Cloud Native Ecosystem / IoT Edge Computing / Observability

CNCF Prometheus Agent Could Be a ‘Game Changer’ for Edge

21 Dec 2021 11:57am, by

Prometheus’ creators have made significant changes to the scraping capabilities of one of the cornerstone Cloud Native Computing Foundation (CNCF)-supported projects. With this new capability, the agent mode optimizes Prometheus for remote write use cases.

The new functionality may not sound like a lot on the surface, but it’s particularly applicable to edge computing and networks for which energy consumption and resource savings are critical. This is because these applications are not necessarily structured for the traditional use of Prometheus for monitoring.
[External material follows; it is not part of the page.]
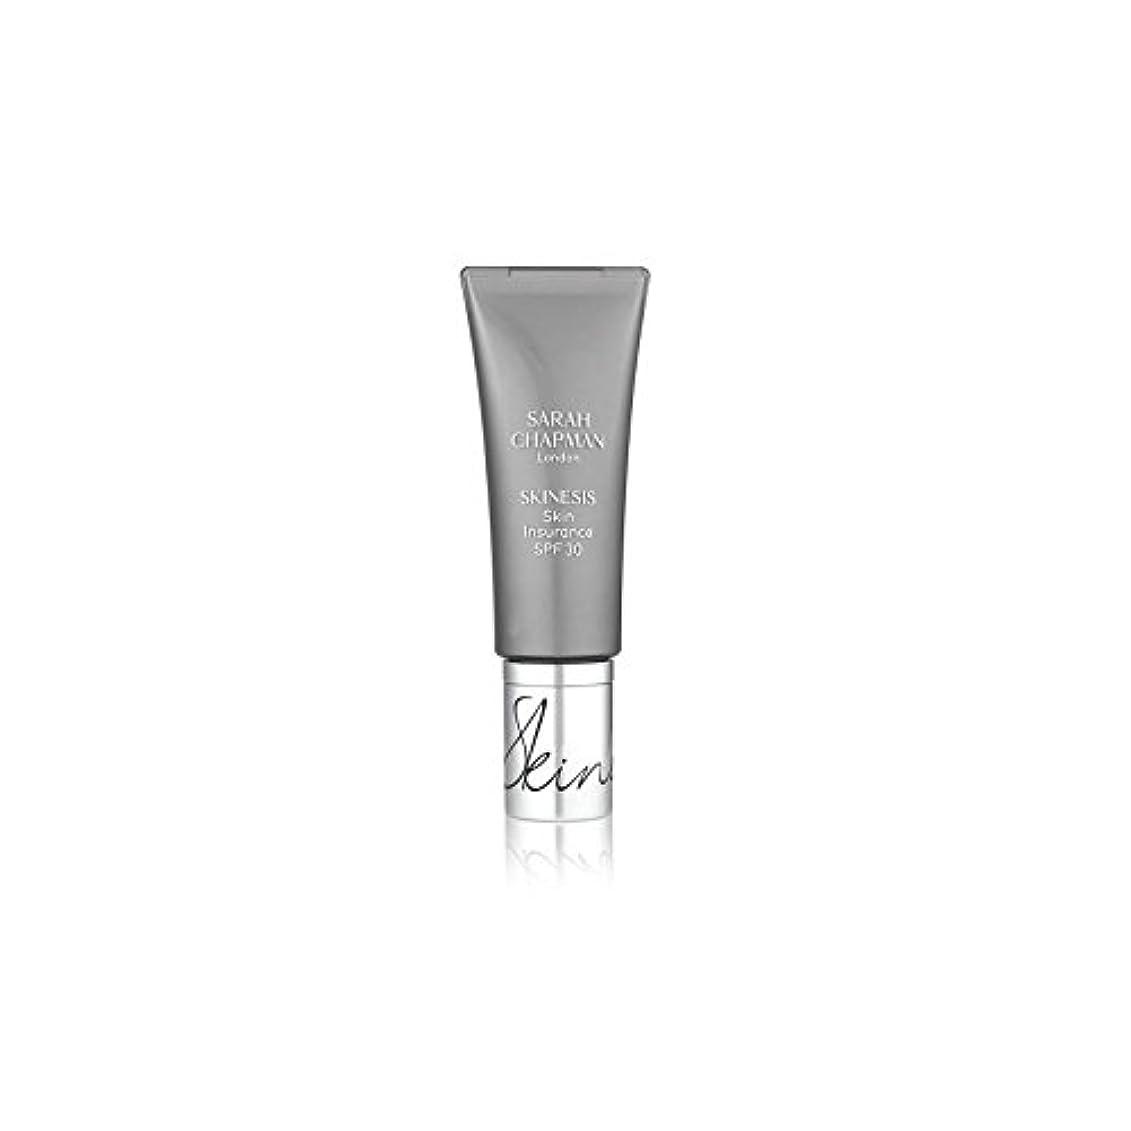 市民観客公平なSarah Chapman Skinesis Skin Insurance Spf 30 (30ml) (Pack of 6) - サラ?チャップマン皮膚保険 30(30ミリリットル) x6 [並行輸入品]

In this way, the agent mode is a “game-changer” for certain deployments in the CNCF ecosystem, Bartlomiej Plotka, principal software engineer for Red Hat, and TAG/SIG observability tech lead for the CNCF, wrote in a blog post.

Agent Mode in Effect

The agent mode disables some of Prometheus’ usual features and optimizes the binary for scraping and writing to remote locations. The functionality introduces a mode that reduces the number of features while enabling new usage patterns, Plotka wrote.

How the new agent brings near-stateless monitoring to the edge by reliably writing data straight to a central time-series database for analysis is indeed a “game-changer,” Torsten Volk, an analyst at Enterprise Management Associates (EMA), told The New Stack.

“Enabling remote write in a reliable manner and without the need for significant local storage to enable querying and prevent data gaps is the ‘secret sauce’ behind this approach. Now you can have lots of intermittently online edge devices with minimal local storage and centrally monitor them within their overall application context in near real-time,” Volk said. “This follows the essence of scale-out computing, where the health of the overall herd does not rely on each individual sheep.”

The agent mode functionality optimizes Prometheus for remote write use cases. It disables querying, alerting and local storage and replaces it with a customized time-series database (TSDB) Write-Ahead-Log (WAL). “Everything else stays the same: scraping logic, service discovery and related configuration,” Plotka wrote. “It can be used as a drop-in replacement for Prometheus if you want to just forward your data to a remote Prometheus server or any other Remote-Write-compliant project.”

Image: Bartlomiej Plotka.

As mentioned above, the new agent mode functionality is especially applicable for edge clusters and networks. Sectors such as telecommunication, automotive and others that deploy and manage data from IoT devices for cloud native networks should appreciate the power and resource savings the agent mode offers.

“We see more and more much smaller clusters with a restricted amount of resources,” Plotka wrote. “This is forcing all data (including observability) to be transferred to remote, bigger counterparts as almost nothing can be stored on those remote nodes.”

Edge Computing Benefits

For edge computing, Prometheus’ traditional pull and push capabilities have posed constraints on resources, Volk said. With the use of the new agent mode, Volk said, the storage bottleneck seems mostly eliminated as agents are now able to write their “part of the picture” directly to a central time-series database in near real-time. “You can think of this as each of potentially many thousands of agents contributing its own part of the highly distributed application puzzle in near real-time and without having to worry about running out of local storage space or memory,” Volk said. “These, often scarce, resources can be used by other edge applications.”

The key aspects the customized agent TSDB WAL offers that Plotka communicated include:

  • Improved overall operational data efficiency since it removes the data immediately after successful writes. If it cannot reach the remote endpoint, it persists the data temporarily on the disk until the remote endpoint is back online. “This means that we don’t need to build chunks of data in memory — we don’t need to maintain a full index for querying purposes,” Plotka wrote. “Essentially the agent mode uses a fraction of the resources that a normal Prometheus server would use in a similar situation.”
  • Enablement of easier horizontal scalability for ingestion. Agent mode essentially moves the discovery, scraping and remote writing to a separate microservice,  allowing for a focused operational model on ingestion only, ​ Plotka described. Prometheus in agent mode is, in this way, “more or less stateless,”  Plotka wrote.